TASK DESCRIPTION: From the records that follow, give the number of lines that include the word "needed", with no further words.

SOURCE MATERIAL:
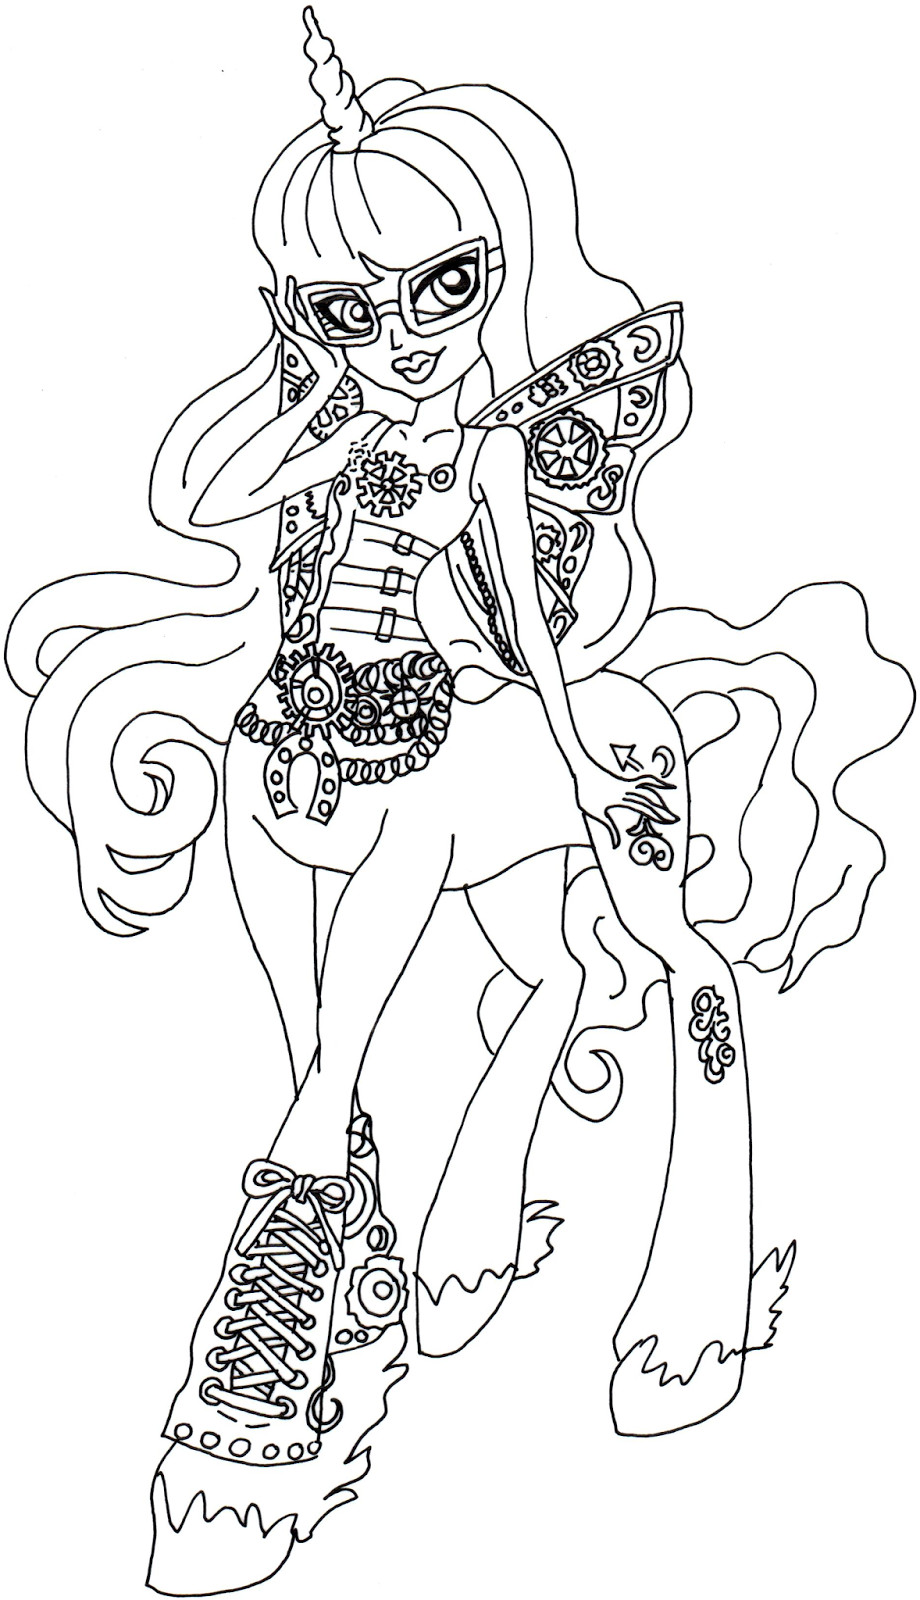 Free Printable Monster High Coloring Pages
 Free Printable Monster High Coloring Pages Penepole
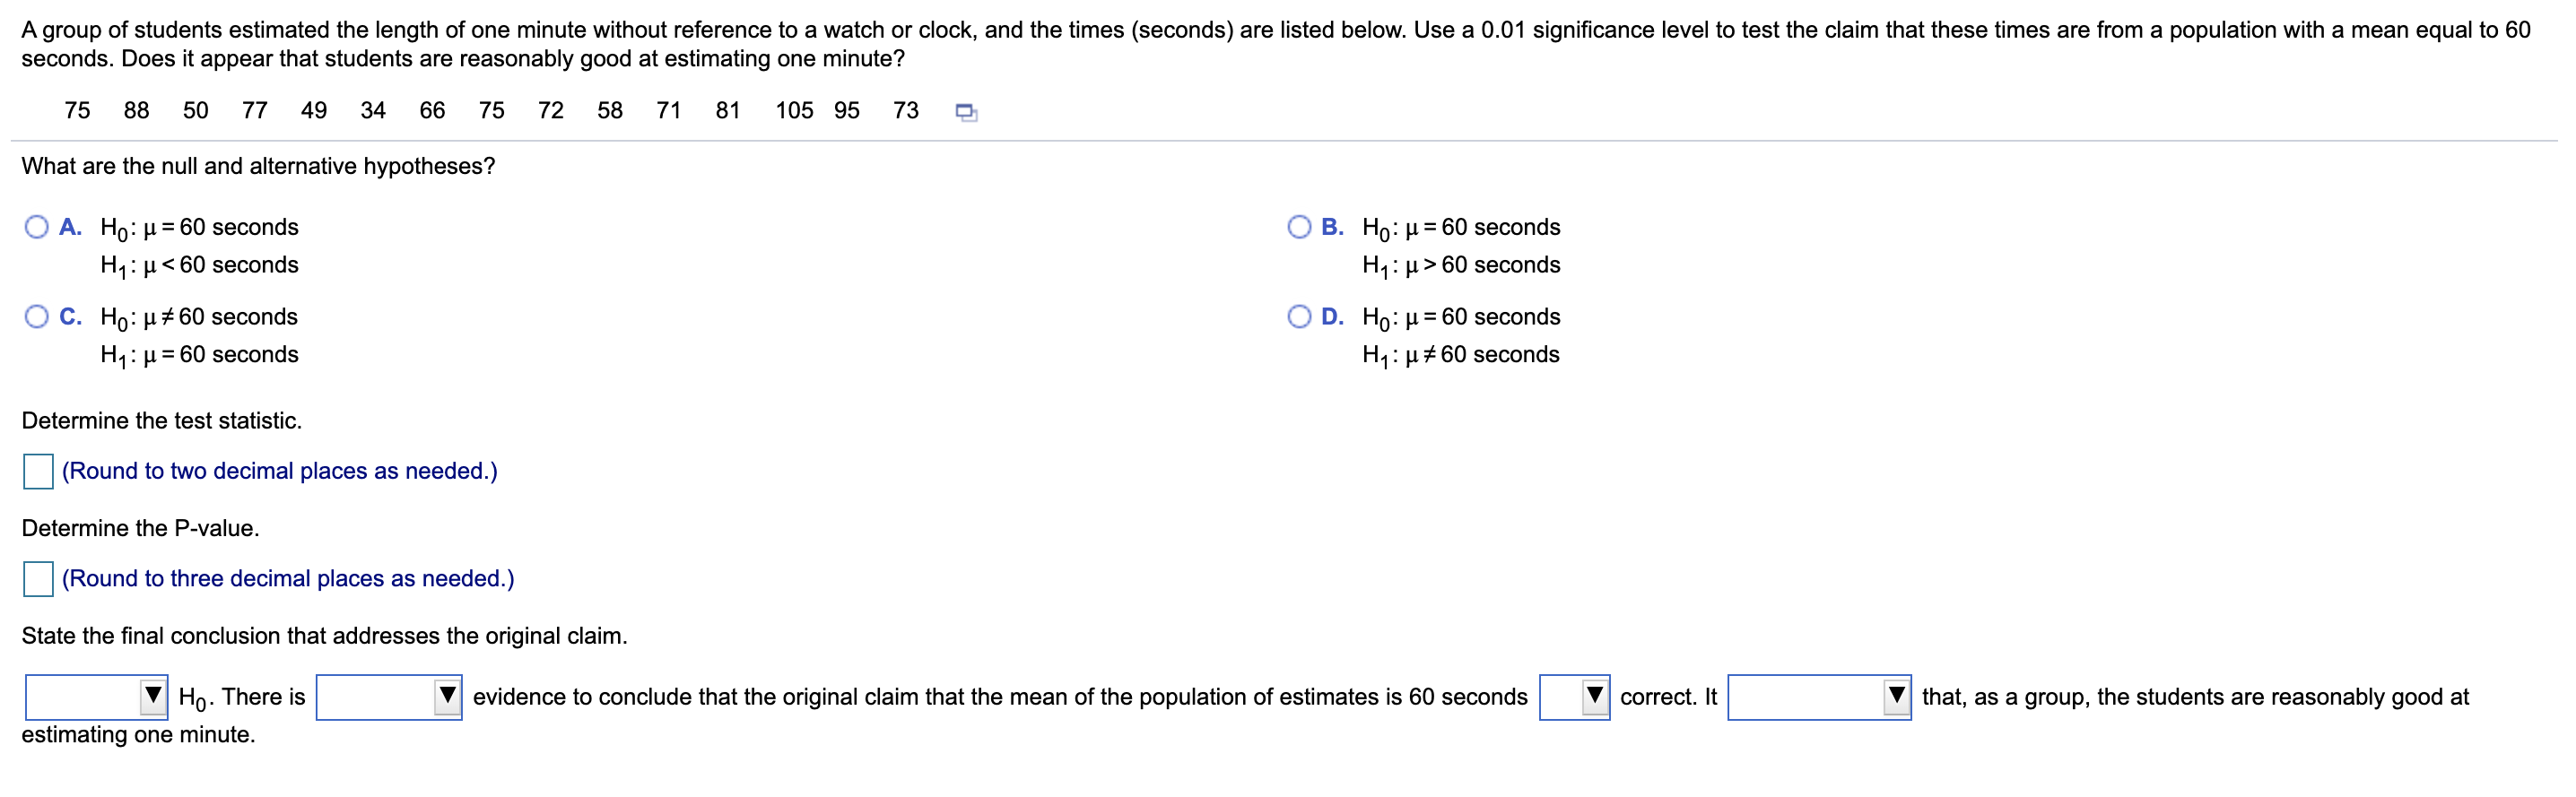 A group of students estimated the length of one minute without reference to a watch or clock, and the times (seconds) are listed below. Use a 0.01 significance level to test the claim that these times are from a population with a mean equal to 60
seconds. Does it appear that students are reasonably good at estimating one minute?
75
88
50
77
49
34
66
75
72
58
71
81
105 95
73
What are the null and alternative hypotheses?
O A. Ho: µ= 60 seconds
B. Ho: µ = 60 seconds
%3D
%3D
H1: µ< 60 seconds
H1: µ > 60 seconds
C. Ho: µ + 60 seconds
D. Ho: µ = 60 seconds
H1: µ= 60 seconds
H1: µ# 60 seconds
Determine the test statistic.
(Round to two decimal places as needed.)
Determine the P-value.
(Round to three decimal places as needed.)
State the final conclusion that addresses the original claim.
Ho. There is
estimating one minute.
evidence to conclude that the original claim that the mean of the population of estimates is 60 seconds
correct. It
that, as a group, the students are reasonably good at

ANSWER TO THE EXERCISE: 2